Mawano notes that some of the bloodstream diseases, like hepatitis, are extremely infectious.
 
“So, if you share someone’s toothbrush, you automatically introduce millions of their oral bacteria into your mouth and likewise leaving undesirable bacteria on the brush for them,” Mawano says.
 
He adds that dental cavities are caused by bacteria called streptococcus mutans that are contagious. When you share a toothbrush, you are prone to acquiring periodontal diseases. Causative bacteria can easily be passed from person to person by kissing and sharing of utensils and oral hygiene tools like toothbrushes.
 
Other diseases a person risks contracting when he or she shares a toothbrush with another are cold sores, herpes and fungus.
 
If you must share
If you find yourself in the rare position where you must use someone else’s toothbrush, Mawano says you should boil it first, or clean it with a strong antiseptic. 
 
Most people rinse their toothbrushes with cold water after brushing their teeth but, according to Mawano, this is not an effective way to kill bacteria.  
 
He recommends using warm water to rinse the toothbrush as a better option, especially if you are going to use someone else’s toothbrush. 
 
For good oral hygiene
Regardless of whether you share a toothbrush or not, you need to observe good oral hygiene for a healthy mouth and teeth. Brushing your teeth at least twice a day aside, you need to think about your teeth when choosing the foods you eat.
 
According to Dr. Tom Mutyabule, a dentist with Pan Dental clinic in Kampala, it is important to focus on foods that promote a healthy mouth and teeth. Dairy products such as cheese, milk and plain yoghurt protect tooth enamel by providing the calcium and phosphorus needed to mineralise teeth and keep them strong.
 
Fibre-rich fruits and vegetables are also essential for a healthy mouth. They are great food choices because they have a high water content, which helps stimulate the flow of saliva to wash away food particles.
 
We all need vitamins to promote growth and a healthy body. The vitamins that are essential for a healthy mouth include vitamin B for healthy gums and bones; vitamin C to keep gums healthy; and vitamin D to strengthen teeth and bones. Always avoid sugary drinks as they increase the risk of tooth decay.
 

Ask the expert
 
Can I use a toothbrush for as long as I want?

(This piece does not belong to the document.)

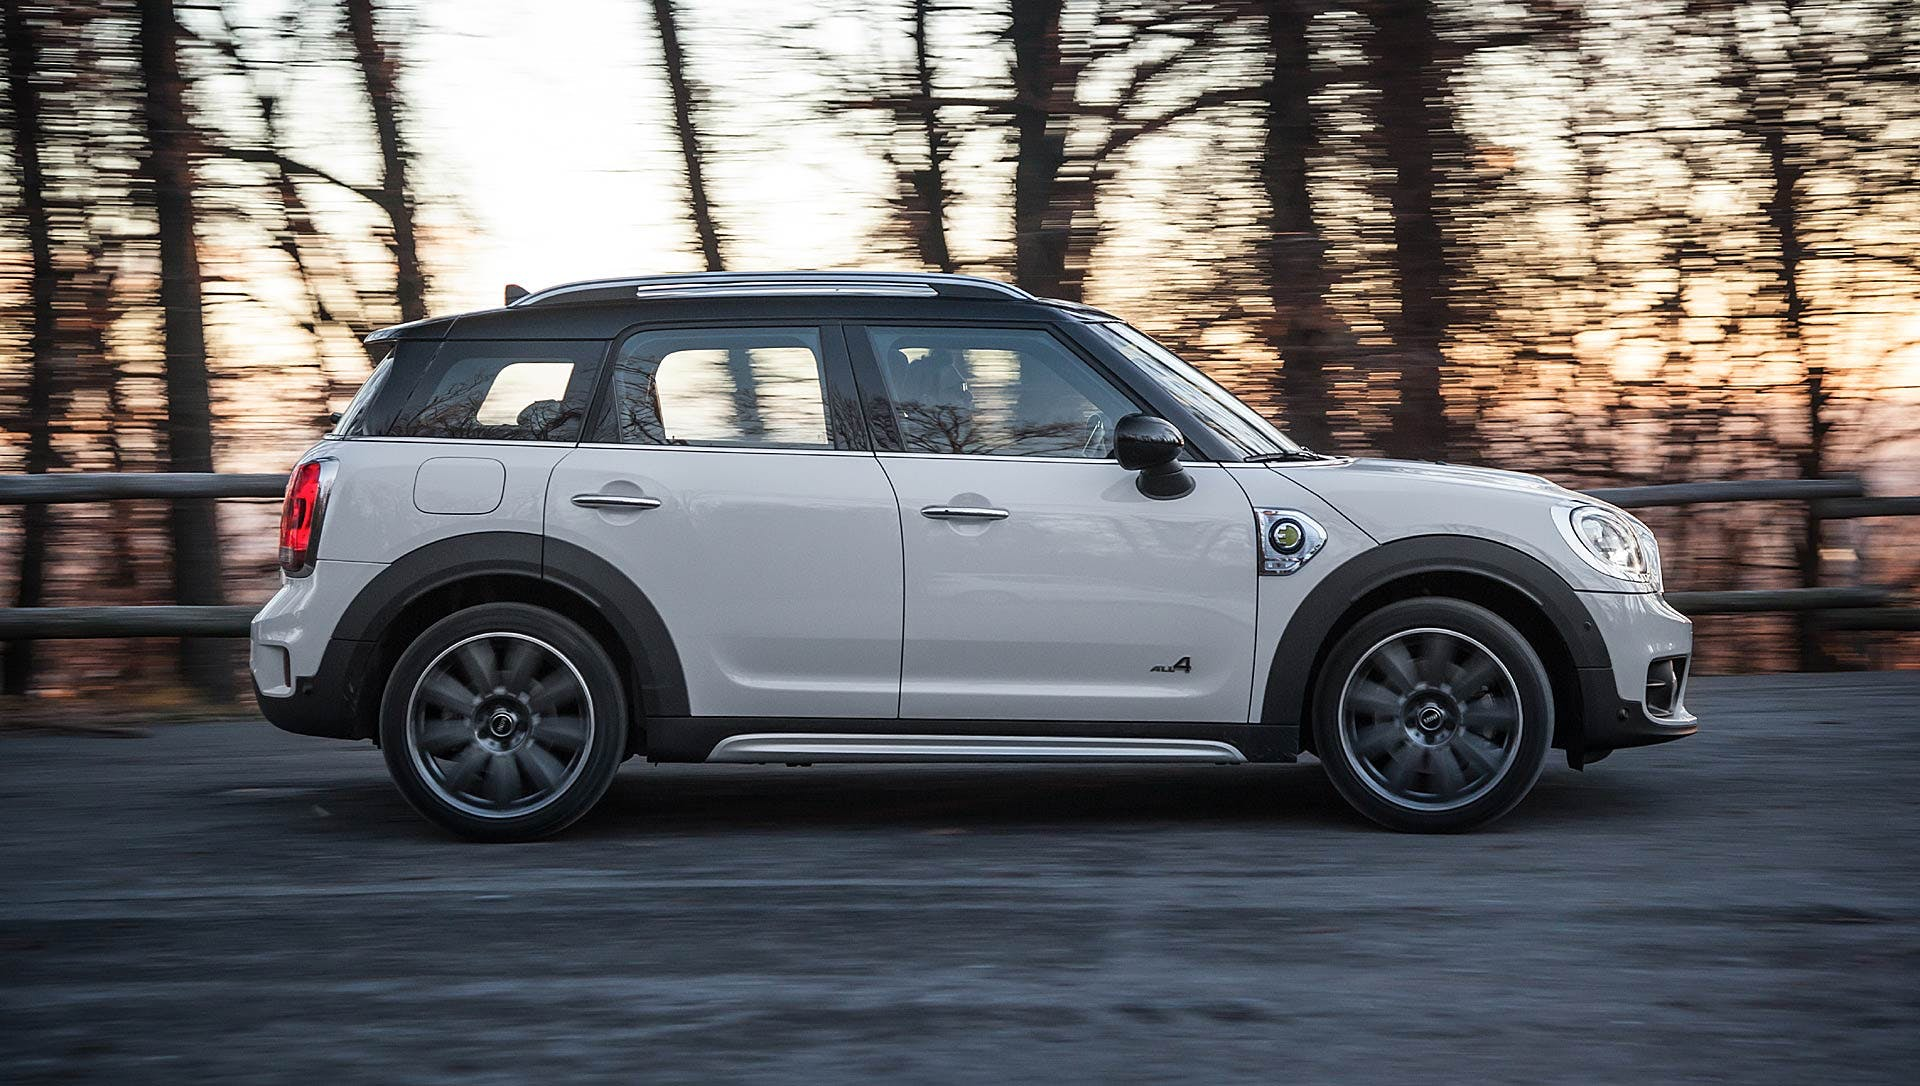 Mini Cooper Countryman SE bianca in curva con sfondo di alberi e tramonto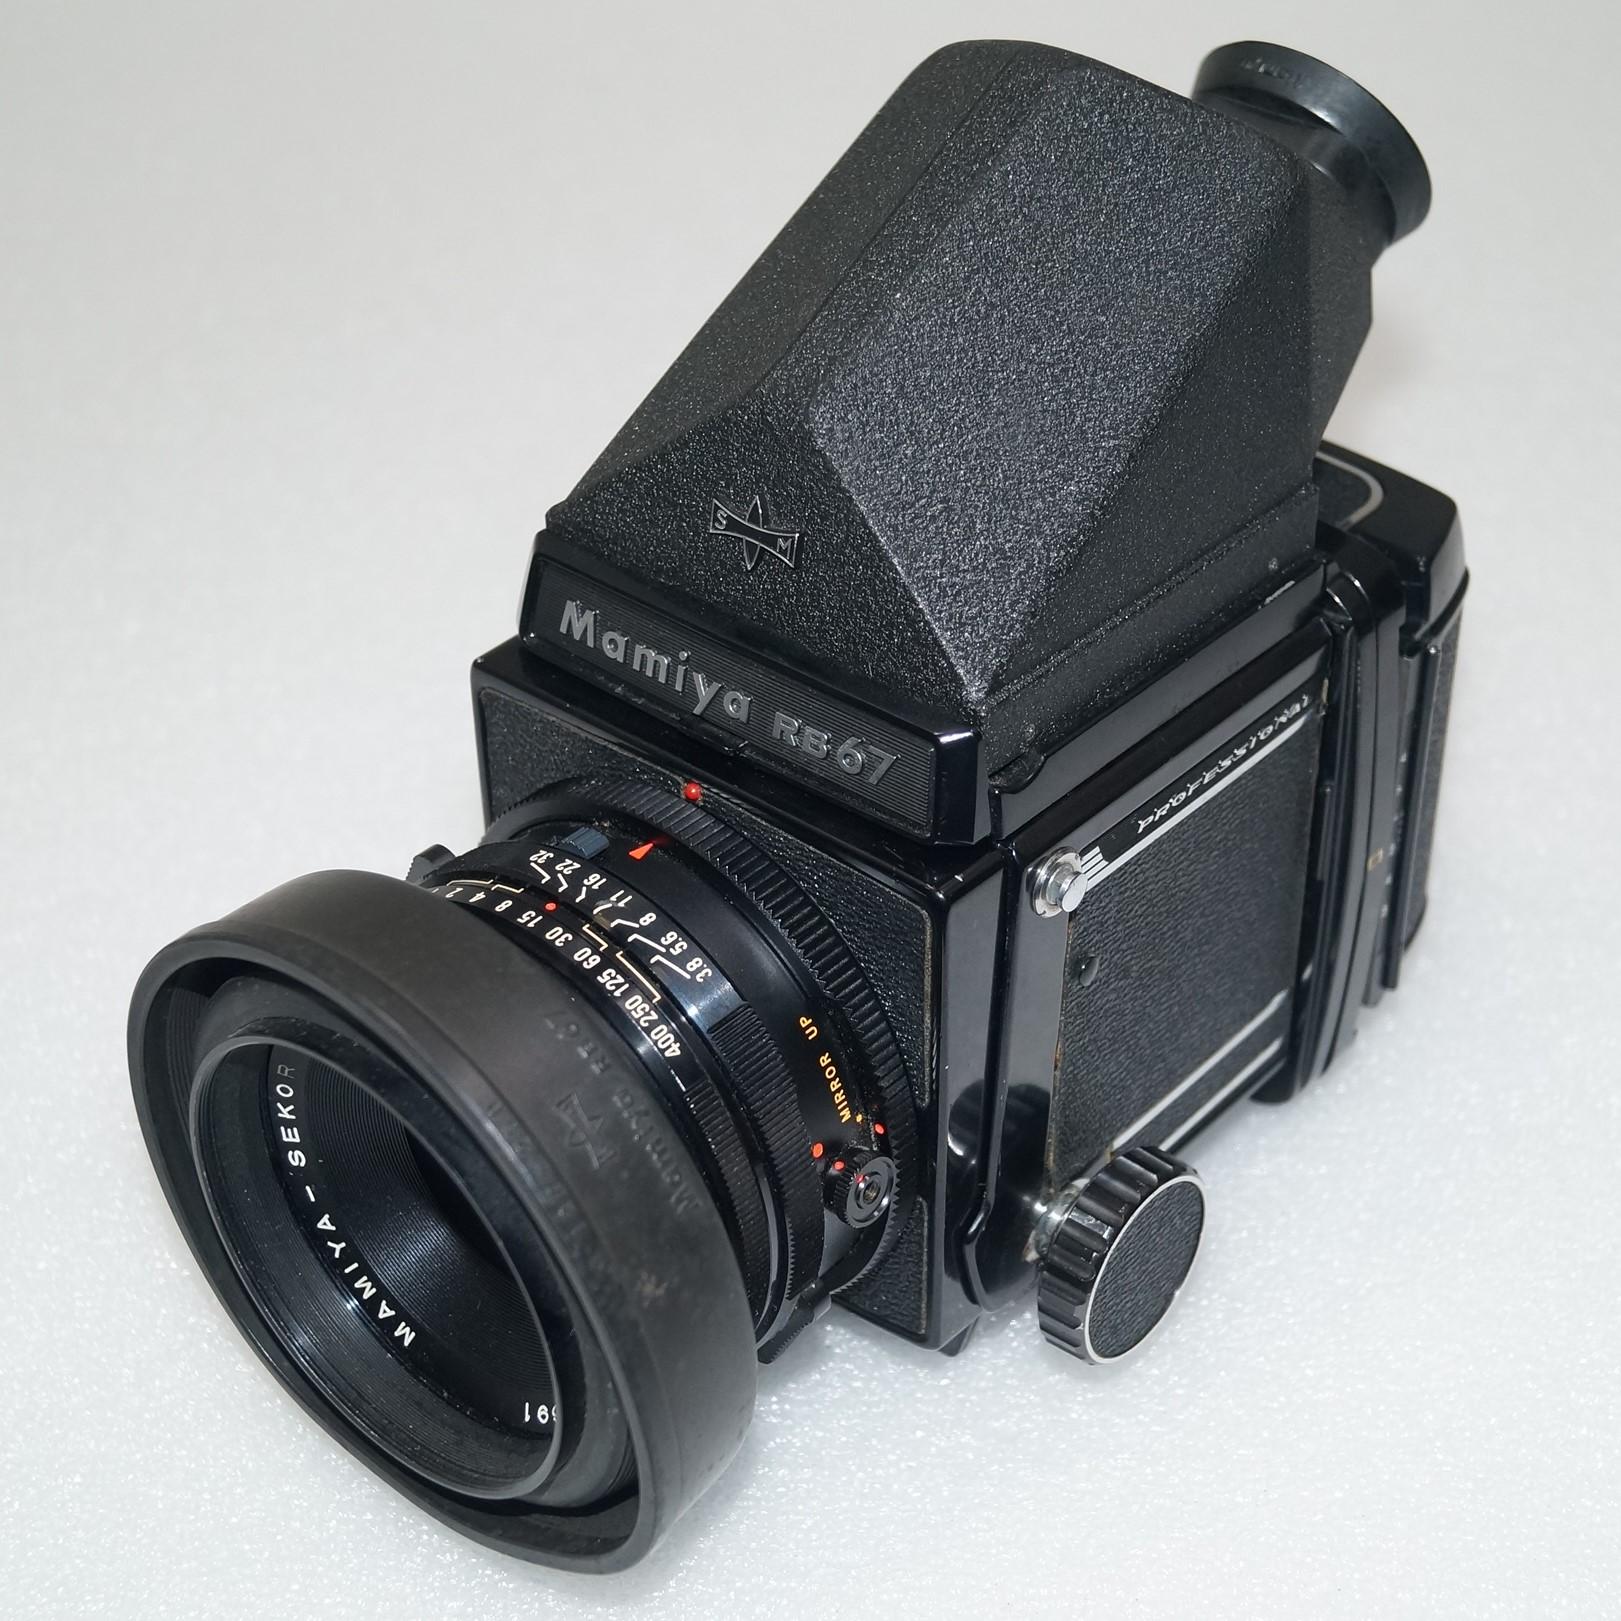 MAMIYA マミヤ 中判 カメラ RB67 PRO S

No, because toothbrushes, just like clothes, get worn out. You should change your toothbrush at least every three months and never share it with another person.
 
How can I take good care of my teeth?                         
It is important that everyone brushes at least twice a day, especially before you go to bed and after breakfast. 
Unfortunately, most people ignore this yet it is very vital for oral hygiene. Others brush before taking breakfast, yet it is wrong. Dental flossing is very important as well. 
 
How can I keep my toothbrush clean?
You should use boiling water to sterilise the toothbrush, although this distorts the bristles. To protect your gum, use toothbrushes with soft bristles because toothbrushes with hard bristles are more likely to cause nicks in the gum, which allows bacteria to enter the bloodstream.
 
You should also avoid keeping your toothbrush in the bathroom unless it is stored in its own sealed container.